University of Montalban
- The Colegio de Montalban Seal
- Type: Government funded public school
- Established: September 25, 2003
- Location: Montalban, Rizal, Philippines 14°45′02″N 121°08′30″E﻿ / ﻿14.75042°N 121.14166°E
- Campus: Urban;
- Hymn: Colegio de Montalban Hymn
- Website: www.pnm.edu.ph
- Location in Luzon Location in the Philippines

= Colegio de Montalban =

Public college in Rizal, Philippines

Colegio de Montalban (CdM; formerly known as the Pamantasan ng Montalban) is a government-funded university in Kasiglahan Village, Rodriguez, Rizal, Philippines. It was established on September 25, 2003 by virtue of Municipal Ordinance No. 03-24, and approved by the Sangguniang Bayan ng Rodriguez to provide vocational-technical and higher education to help alleviate poverty.

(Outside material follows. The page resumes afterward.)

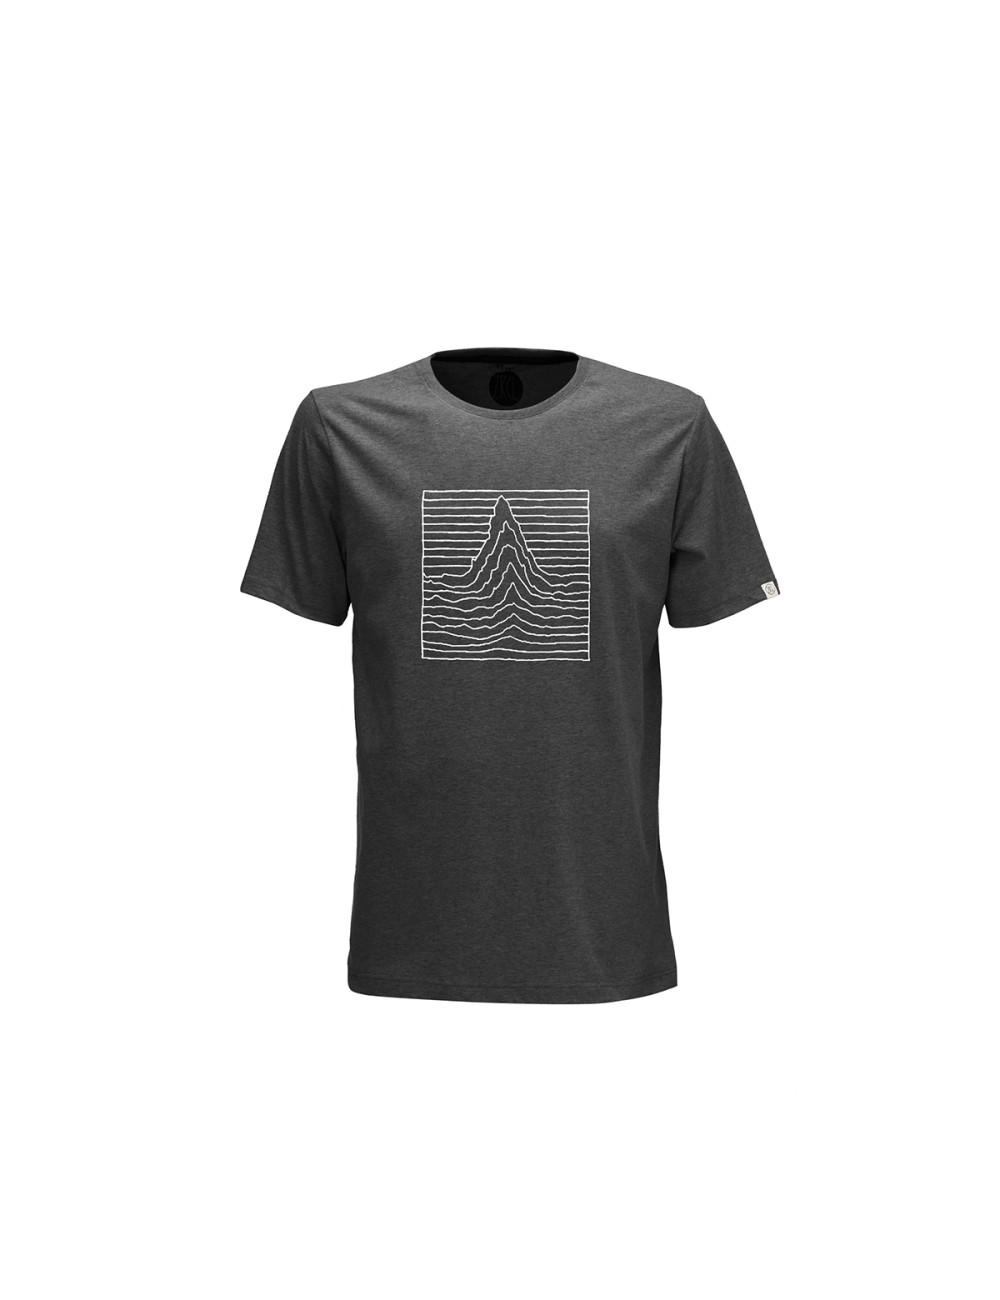 ZRCL Elevation T-Shirt - Onyx

From July 2004 to July 2010, CdM was under the administration of Mayor Pedro S. Cuerpo, who was subsequently succeeded by Mayor Cecilio C. Hernandez since July 2010.

On July 7, 2014, by virtue of Sangguniang Bayan ng Rodriguez Ordinance No. 14-15, Pamantasan ng Montalban was renamed Colegio de Montalban.

== History ==
The Pamantasan ng Montalban was established on September 25, 2003 through Municipal Ordinance No. 03-24 and approved by the Sanguniang Bayan ng Rodriguez.

On July 7, 2014, by virtue of Sangguniang Bayan ng Rodriguez Ordinance No. 14-15, and was later confirmed by the Sangguniang Panlalawigan ng Rizal Resolution No. 193 Series of 2014, Pamantasan ng Montalban was renamed Colegio de Montalban.

At present, Colegio de Montalban continues to work towards the holistic development of its students.

== Scholarship ==
CdM offers free tuition and other school fees under the Universal Access to Quality Tertiary Education Act of 2017 or RA 10931.